Mike Pence: Joe Biden? You look different.
Joe Biden: Yeah. The surgery has starting to settle. Now listen folks, if we want to fight Chin cough, we got to be smart. We got to make sure to get new teeth daily. Now, here’s an honest to goodness true story based loosely on fake events. The year was 19-ricky-ticky-tabby. And me and Nelson Mandela were palling around South Africa, green book style. WE have one elephant between us and who do we run into but the ebola monkey. And weird story longer, I wrestled that sucker to mercy. Beep-bap-beep. That’s how I convinced Mandela that why he was okay.[Bernie Sanders in the press section talks]
Bernie Sanders: Hey! Hey! Wait! Wait a second. Hey, what about me possibly winning the nomination, huh? You gotta admit folks, universal health care doesn’t sound too crazy now, does it?
Mike Pence: Bernie, this is not the time to politicize this issue.
Bernie Sanders: Hey, I’m having the best week of my freaking life. I had a little set back in South Carolina but I’m heading the other polls. Wall Street billionaires are losing their shirts. And best of all, nobody wants to come near me. Much less touch me. I’m in heaven.
Michael Bloomberg: can I speak?
Elizabeth Warren: Hey, sure. Why don’t you start telling us what’s in that NDA?
Michael Bloomberg: Well, I keep telling you it’s nothing. It’s just– I made a little joke to a female employee and she didn’t like it.
Elizabeth Warren: Yeah. What was the joke?
Michael Bloomberg: Alright. Knock, knock.
Elizabeth Warren: Who’s there?
Michael Bloomberg: It’s your boss Mike. Listen, get rid of that baby.
Elizabeth Warren: Oh my god!
Michael Bloomberg: But didn’t you get it?
Mike Pence: [awkwardly] Okay. Why don’t I take a question from a real reporter? You, sir.[Pete Buttigieg in the press section speaks]
Pete Buttigieg: Yes. [cheers and applause] Hi, I’m actually a mayor Pete Buttigieg. I’m a a candidate too, for the next three days.[Amy Klobuchar walks in]
Amy Klobuchar: Back off, Buttigieg. [cheers and applause]
Pete Buttigieg: Amy Klobuchar.
Amy Klobuchar: Yeah. The whole moderate from the mid-west stick is mine. So, stay out of my center lane, bitch. I am from Minnesota so I will cut you… in line at Target, son.
Pete Buttigieg: I’m sorry. Son? Don’t treat me like a child. I was mayor.
Amy Klobuchar: Aw! Yes you were. Here. [Amy Klobuchar puts some spit on her thumb and wipes something off Amy Klobuchar’s face with it.] You got a little something there. It’s my spit!
Elizabeth Warren: Look, look, I just want to say two things, America.

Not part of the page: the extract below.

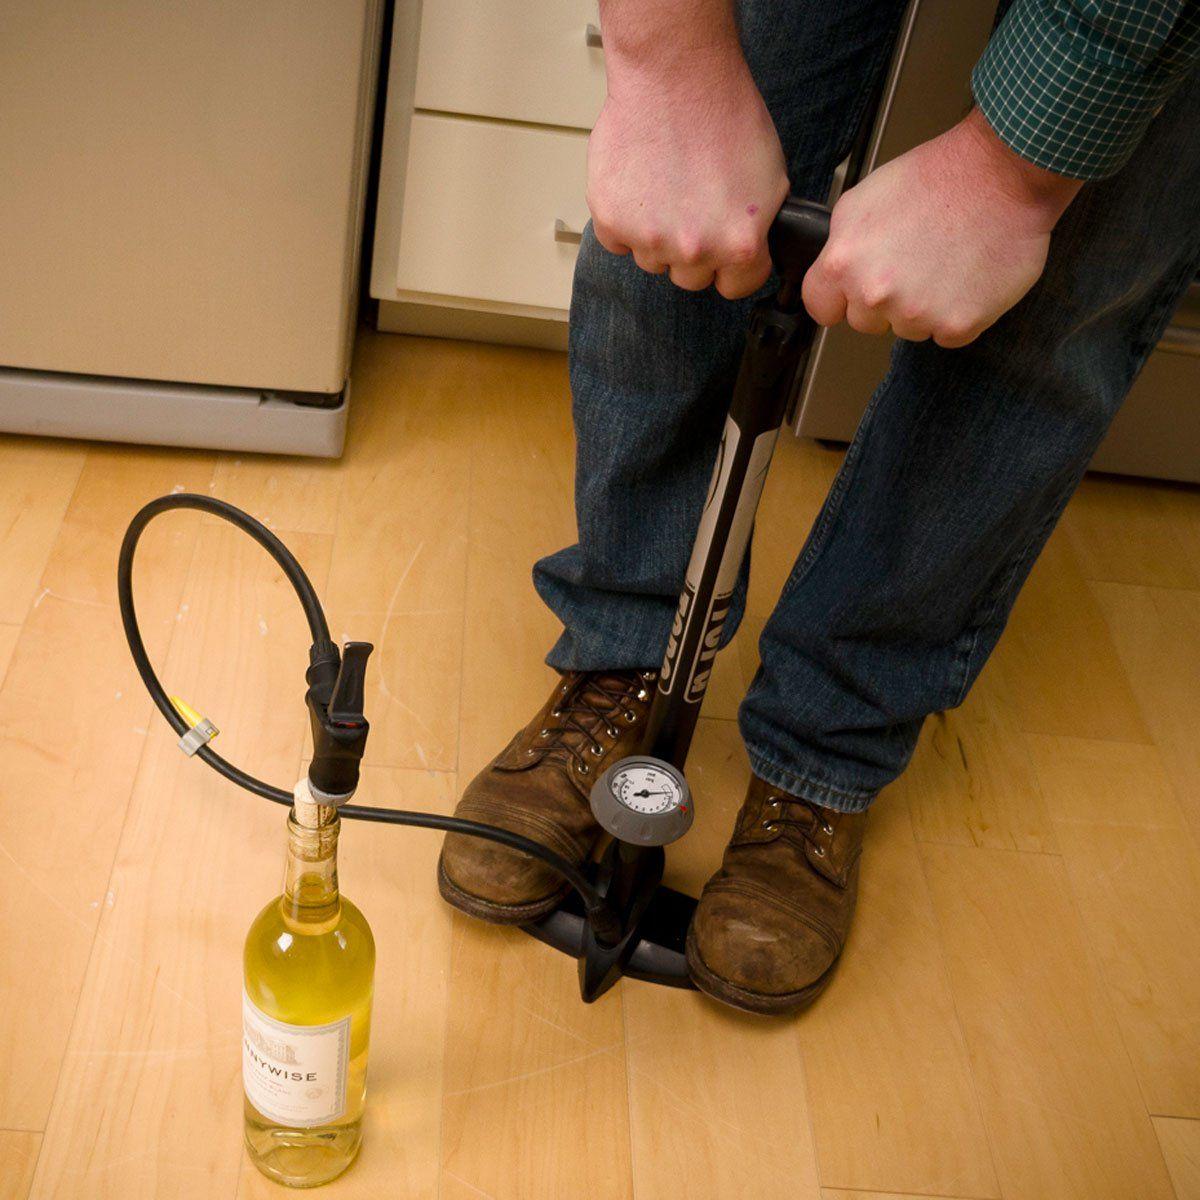 10 Ways To Open A Wine Bottle Without A Corkscrew In 2020 Wine Opener Wine Rack Wine Rack Towel Holder

Number one, we need someone who can handle this, that we can trust. Mayor Bloomberg supports George W. Bush. He supported Lindsey Graham. He funded SARS. He invented traffic. He was responsible for McDonald’s serving spaghetti. he wrote and directed the movie ‘Cats.’ He dumps your bags in the ocean from cargo hold on Spirit Airlines. This is a bad man. Use Purell.[Bernie Sanders walks to the stage]
Bernie Sanders: No, no, no. No, no, no. No Purell. I got a bottle of that junk and on the label, it says it kills 99.99% germs. What happens to the top 0.01%? Why are we protecting them? I say enough with the potions. Just use good old fashioned bar soap and scalding hot water. I might get in trouble for saying this. But you know who was great at washing his hands? Joseph Stalin. Just saying. Just saying.
Amy Klobuchar: Look. Look. I am not afraid of a little cough. I announce my campaign in a snow storm. I mean, that was insane. A snow storm. Who would do that? I am in it to win it, baby. Ha-ha. I don’t know when to quit. And that might be a problem.
Pete Buttigieg: Can I just mention? I’m the only candidate up here who’s not gonna lose.
Amy Klobuchar: To Trump?
Pete Buttigieg: Oh, no. To the corona virus. You know, you’re all in very high risk demographics.
Bernie Sanders: You wanna talk high risk? I have it on good authority and Pete Buttigieg is a hand cougher. Yeah. Yeah. Yeah. He coughs right into the hand. Not the elbow which we can all agree is not perfect, but it’s at least something. America doesn’t need a hand cougher. They need a president who is old enough to know Typhoid Mary. And one other thing and this goes for all of you.
All: Live from New York, it’s Saturday Night.